La scrupulosité de Maylis de Kerangal est à la fois la force et la faiblesse de ce récit, parce qu'elle porte le sujet dans toute sa gravité, mais n'apporte pas l'élan qu'il faut pour le dépasser. Ainsi le livre se termine de façon abrupte, par ce que les anglo-saxons appelleraient un anticlimax, comme si la vérité documentaire éteignait la tension romanesque. À tel point que je me suis demandé s'il manquait un fichier.
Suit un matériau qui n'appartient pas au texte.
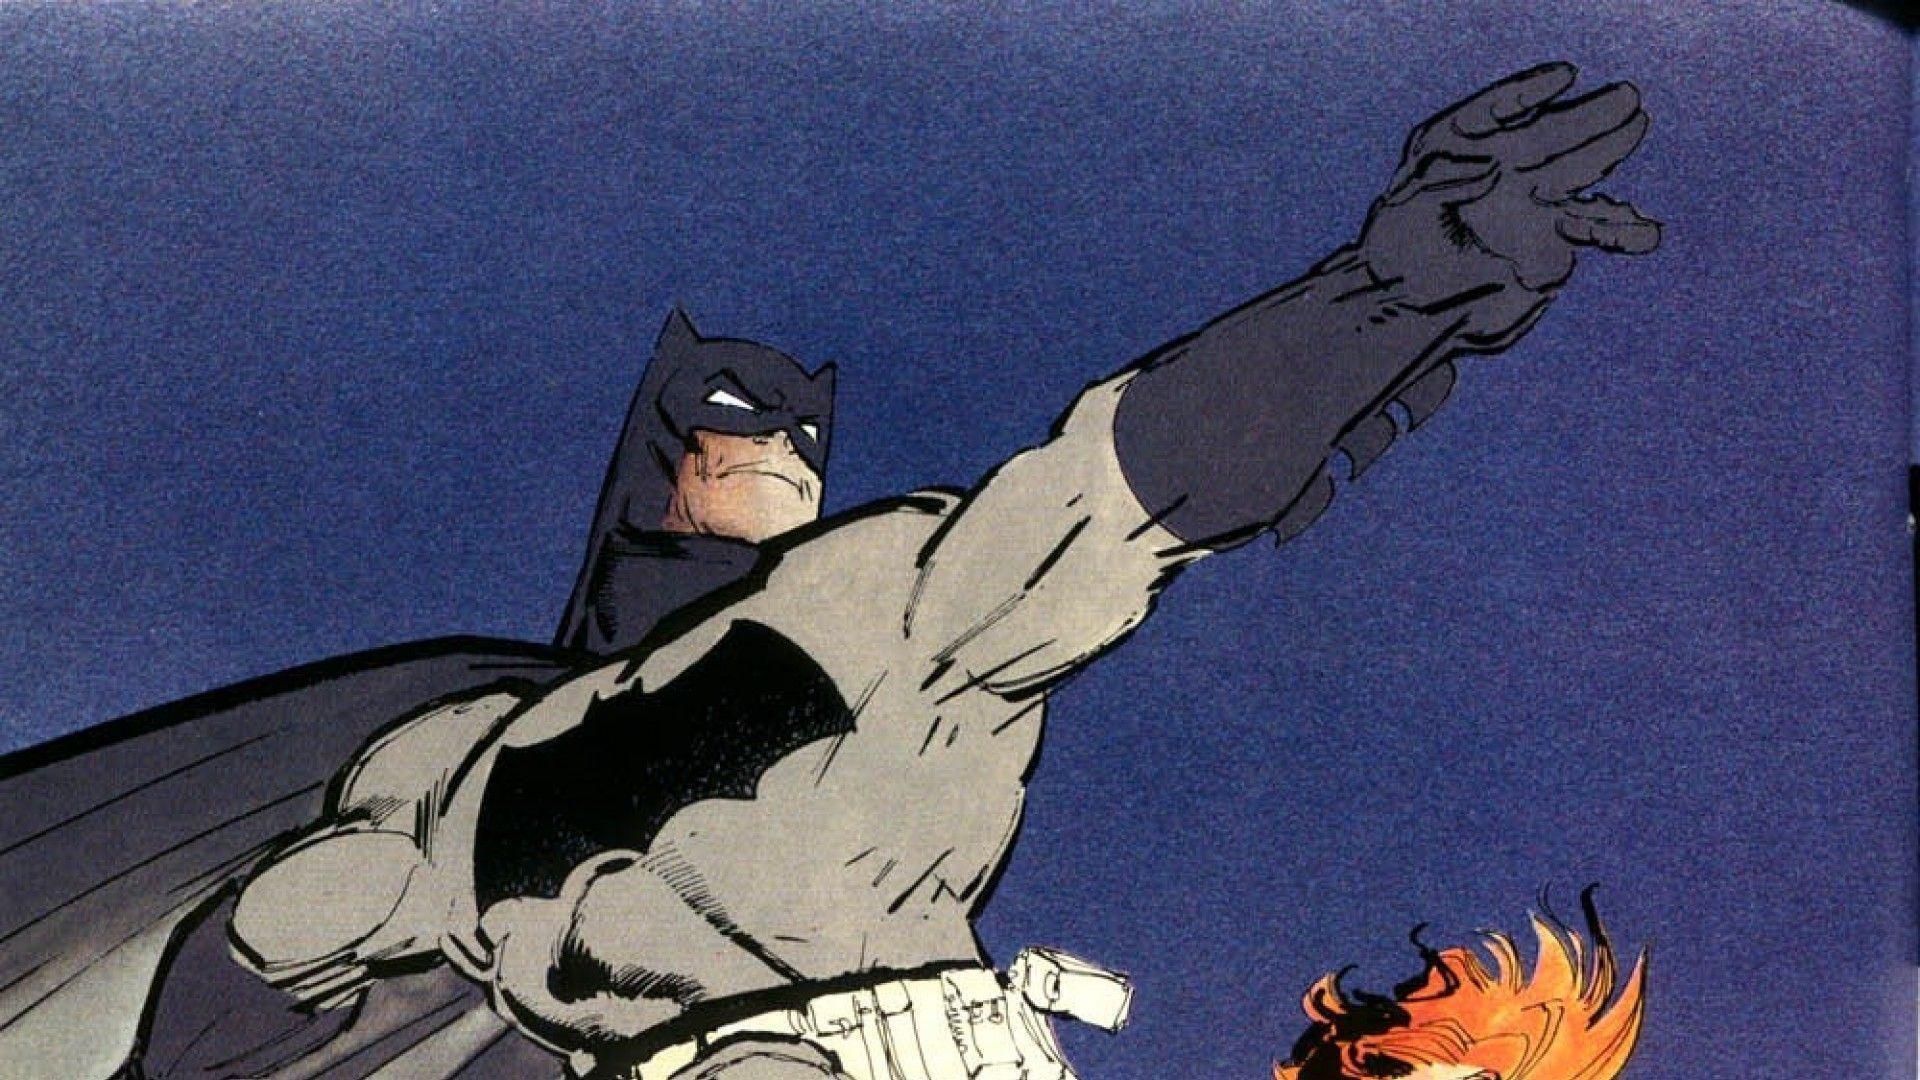 The Dark Knight Returns Wallpapers – Wallpaper Cave · wallpapercave.com

On a alors envie d'ouvrir la fenêtre, et l'air s'engouffre dans la voiture, fait voler les papiers et les canettes qui se remettent à faire gling-gling, dissipant à peine la lourde tension qui nous tient maintenant éveillé, nous évite l'accident et la nécessité de Réparer les vivants, selon le processus que nous raconte Maylis de Kerangal dans cette collection Écoutez lire, chez Gallimard.  




La chronique audio est disponible ici, et vous aurez reconnu en font sonore greatings from Tuskan, dont je réutilise ici le morceau beautifully painful.

TL ; DR : Maylis de Kerangal décrit, dans Réparer les vivants, les étapes d'un don d'organe. Très documenté, mais trop monochrome triste pour être tout à fait touchant.